Second, using a categorical approach, to compare emotional processing in high‐alexithymia (13 HA) and low‐alexithymia (12 LA) subjects, we created images of parameter estimates for the contrast Fear versus Neutral actions [(Fs + Fd) − (Ns + Nd)] for each subject at the first level. Then, these contrast images were entered into an ANOVA with two groups comprising a factor. A nonsphericity correction was applied for variance differences between groups. We finally calculated the contrasts between groups to reveal brain areas that were significantly more activated in one group compared to the other.

All statistical parametric maps were thresholded at k = 10 voxels, P ≤ 0.001 (uncorrected). These maps were overlaid on the MNI template and labeled using the atlas of Duvernoy [ 1999] and the anatomy toolbox (http://www.fzjuelich.de/ime/spm_anatomy toolbox; [Eickhoff et al., 2005]).

Behavioral Experiment

We performed a recognition task after the scan to check that, in subclinical subjects, there was no difference in performances [recognition rates and reaction times (RT)] between high‐ and low‐alexithymia subjects. Participants were presented the same stimuli again and instructed to determine whether the emotion portrayed by the body expressions was fear or neutral. The percentage of correct emotion recognition (ER) and their corresponding RT were calculated.

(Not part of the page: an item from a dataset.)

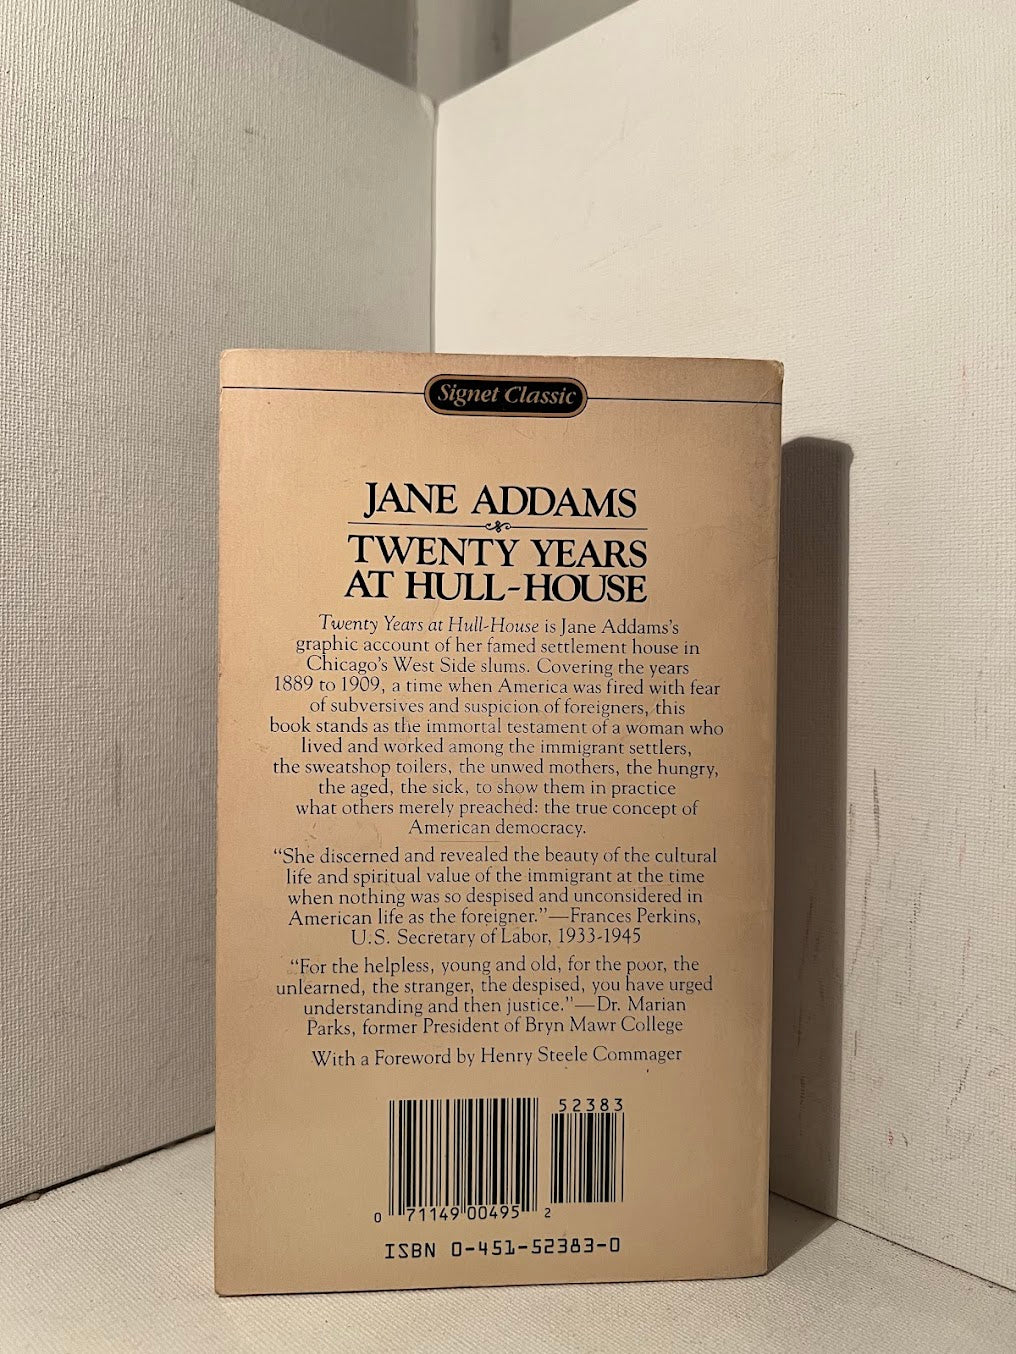 Twenty Years at Hull House by Jane Addams

Statistical analyses of behavioral data

First, we performed Spearmann correlations between ER and RT and alexithymia total scores (BVAQ‐B, TAS‐20). Second, repeated measures ANOVA [Group (HA vs. LA) × Emotion (Fear vs. Neutral)] were calculated for both ER and RT. Greenhouse–Geisser adjustment of degree of freedom was performed, when appropriate, and adjusted P values were reported.

RESULTS

Self‐Report Scores (n = 34, Table I)

Table I.

Participant self‐report questionnaires' scores and after‐scan task performances (n = 34)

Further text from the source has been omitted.